Iterative algorithms for solving linear systems, eigensystems, and singular value problems
MIT License
399 stars 105 forks source link

[Do not merge] Fix 246 - QR ortho fallback for LOBPCG #247

Open mohamed82008 opened 5 years ago

mohamed82008 commented 5 years ago

Fixes #246 by implementing QR orthogonalization as a fallback when CholQR fails.

CC: @mfherbst, @haampie, @lobpcg

mohamed82008 commented 5 years ago

@mfherbst may you try this PR for your real application and see if it does the trick or not? With this, I am getting a 100% success rate for your toy problem.

mohamed82008 commented 5 years ago

This method seems to produce unexpected results elsewhere. I will implement the QR orthogonalization.

mfherbst commented 5 years ago

Thanks for looking into this! This time I am travelling for the week :smile:. I'll try to get to it asap.

mohamed82008 commented 5 years ago

@mschauer if tests pass, please give this a second review.

codecov-io commented 5 years ago

Codecov Report

Merging #247 into master will decrease coverage by 1.23%. The diff coverage is 40%.

Impacted file tree graph

@@            Coverage Diff             @@
##           master     #247      +/-   ##
==========================================
- Coverage   90.52%   89.29%   -1.24%     
==========================================
  Files          17       17              
  Lines        1077     1093      +16     
==========================================
+ Hits          975      976       +1     
- Misses        102      117      +15
Impacted Files Coverage Δ
src/lobpcg.jl 81.33% <40%> (-4.49%) :arrow_down:

Continue to review full report at Codecov.

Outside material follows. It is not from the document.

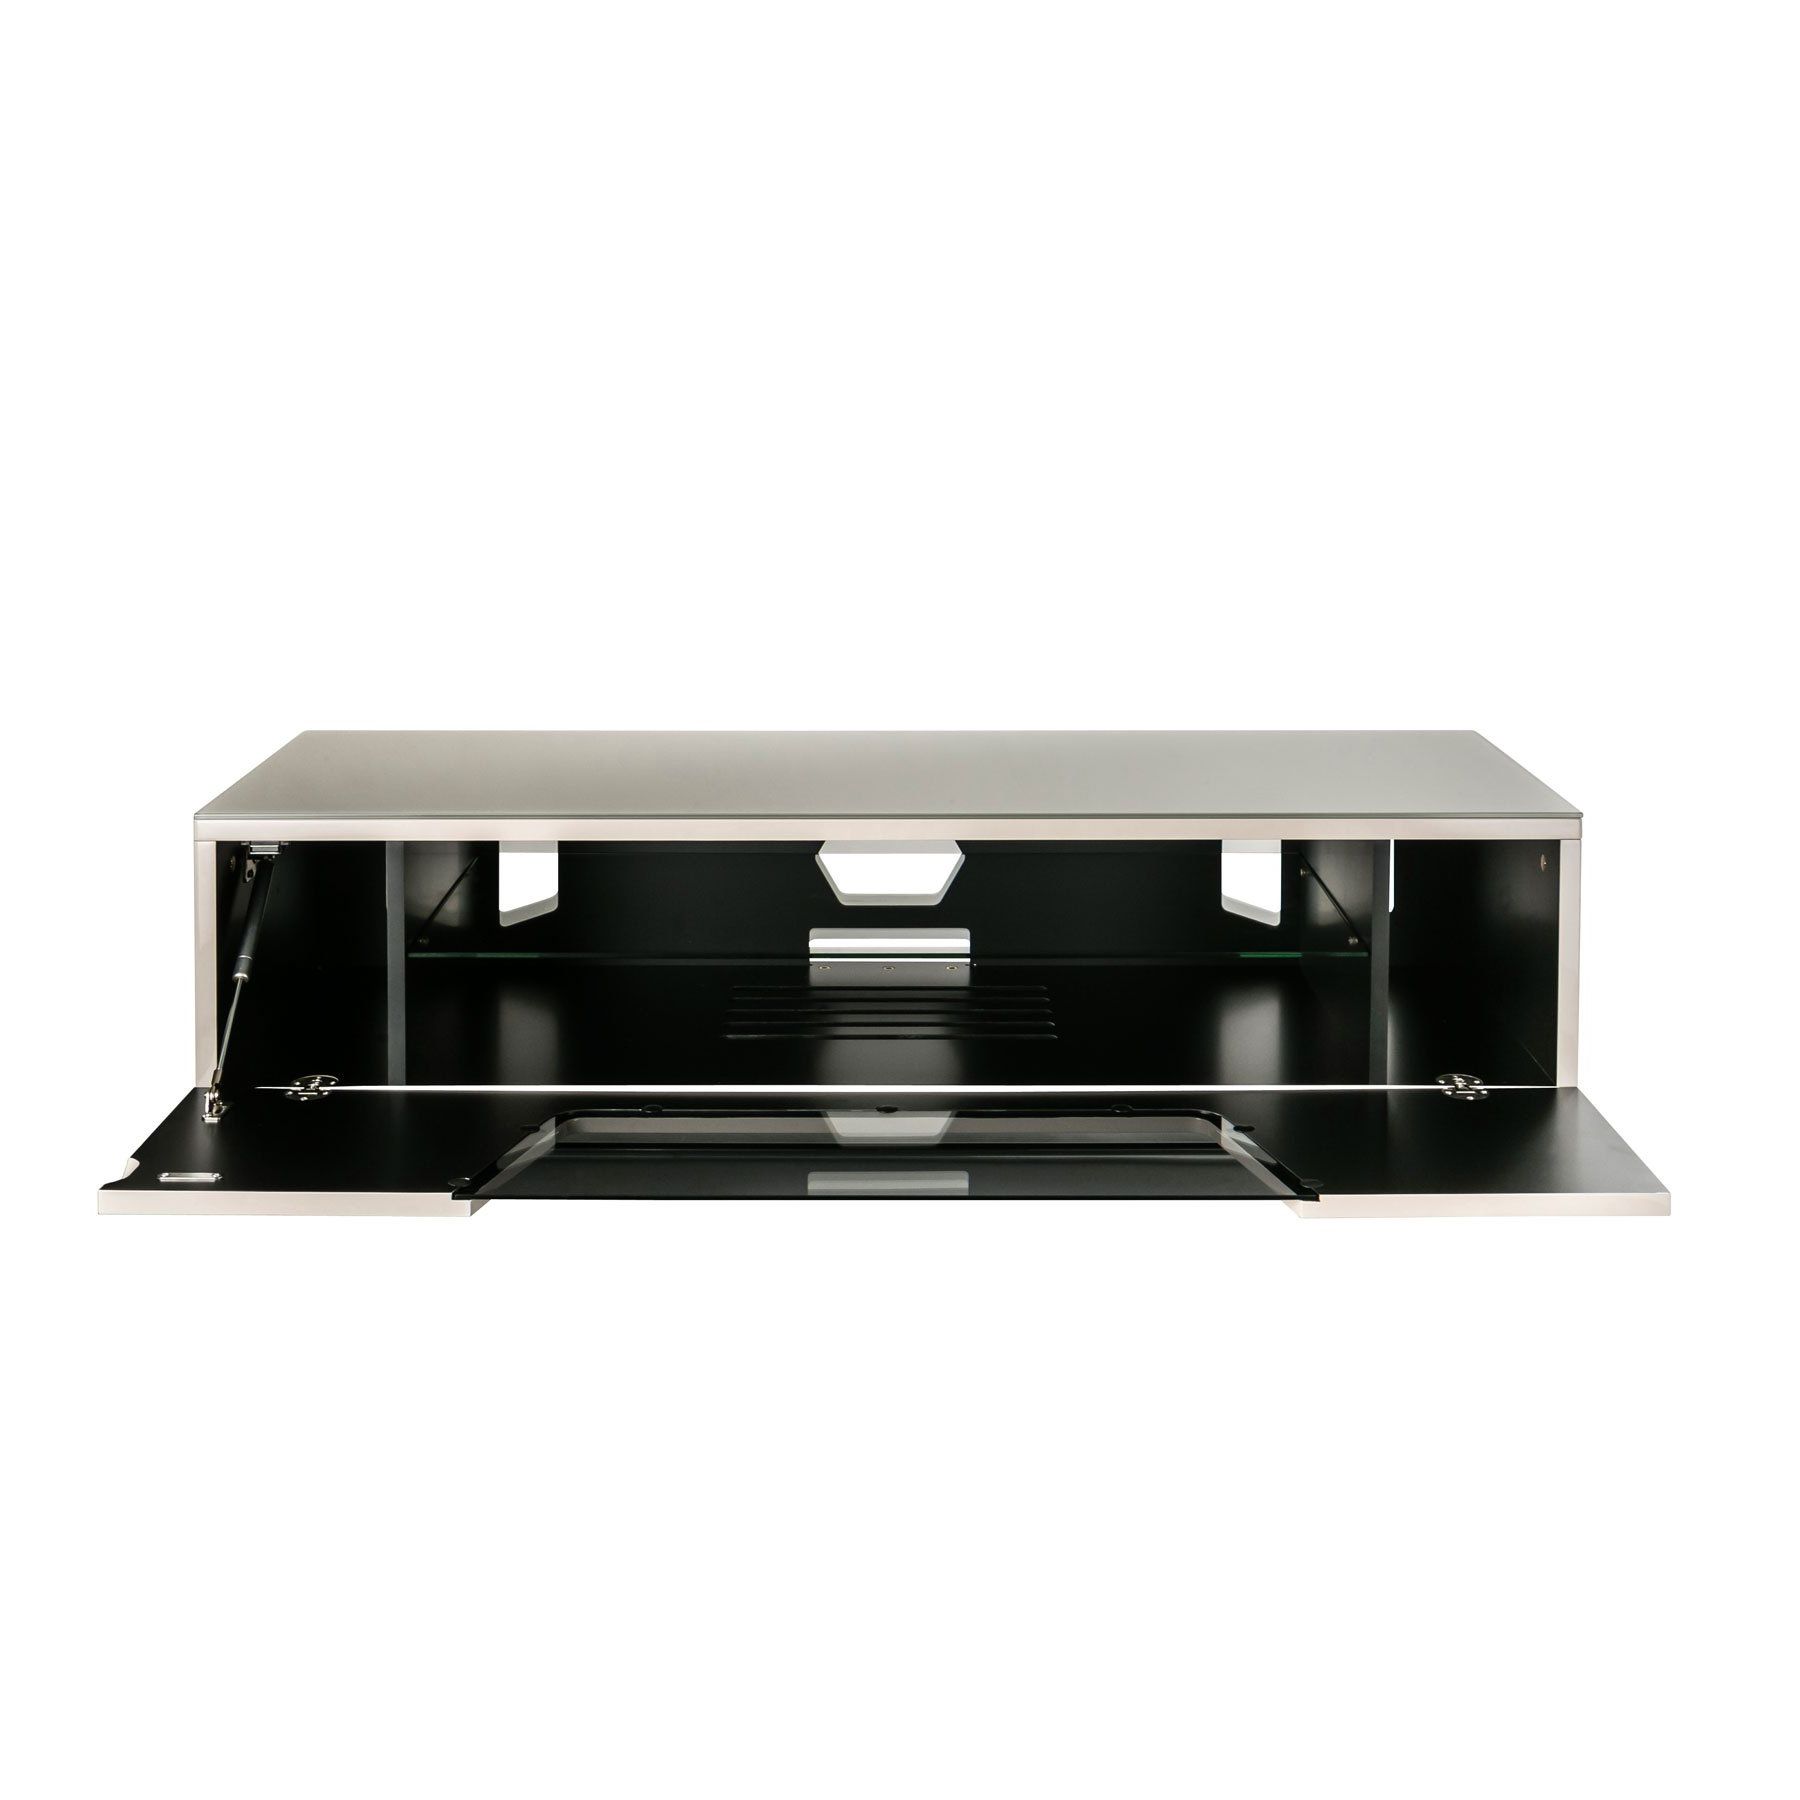 Alphason Chromium 2 120cm Ivory Tv Stand For Up To 60" Tvs Regarding Chromium Tv Stands (Gallery 15 of 20)

Legend - Click here to learn more Δ = absolute <relative> (impact), ø = not affected, ? = missing data Powered by Codecov. Last update 17ef261...fdd88bf. Read the comment docs.

mschauer commented 5 years ago

Can you say shortly in words what you are doing?

mohamed82008 commented 5 years ago

I added some comments to the PR. In short, the role of orthogonalization (technically orthonormalization) in LOBPCG is to make sure that the matrix X is B-orthonormal. This necessarily means that X should be full-column rank, which nothing in the block version of the algorithm guarantees. Additionally, if the tolerance is too low, X will be getting closer and closer to being rank-deficient as the algorithm converges. During orthonormalization, we also keep track of the matrix A * X and B * X. The current way of achieving this B-orthonormality is to take the Cholesky of X' B X and do X = X * inv(R) where R is the upper triangular matrix. A * X and B * X are also optionally updated if the update flags are true.

However, when X is near rank-deficient, the Cholesky fails. So as a fallback, I am using QR decomposition to get a set of orthonormal vectors spanning a superset of the span of the columns of X. This is the compact Q, i.e. first m columns where m = size(X, 2). After that, for the generalized eigenvalue case, I go ahead and B-normalize the compact matrix Q using the Cholesky approach above. When B = I, this step can be skipped. Finally, A * X and B * X are optionally updated.

mfherbst commented 5 years ago

@mohamed82008 I've done a little testing in our application (DFTK.jl). The solver now runs a lot more stable, but I still seem to get some spurious (zero) eigenvalues. I'll take another, closer look.

lobpcg commented 5 years ago

I added some comments to the PR. In short, the role of orthogonalization (technically orthonormalization) in LOBPCG is to make sure that the matrix X is B-orthonormal. This necessarily means that X should be full-column rank, which nothing in the block version of the algorithm guarantees. Additionally, if the tolerance is too low, X will be getting closer and closer to being rank-deficient as the algorithm converges. During orthonormalization, we also keep track of the matrix A * X and B * X. The current way of achieving this B-orthonormality is to take the Cholesky of X' B X and do X = X * inv(R) where R is the upper triangular matrix. A * X and B * X are also optionally updated if the update flags are true.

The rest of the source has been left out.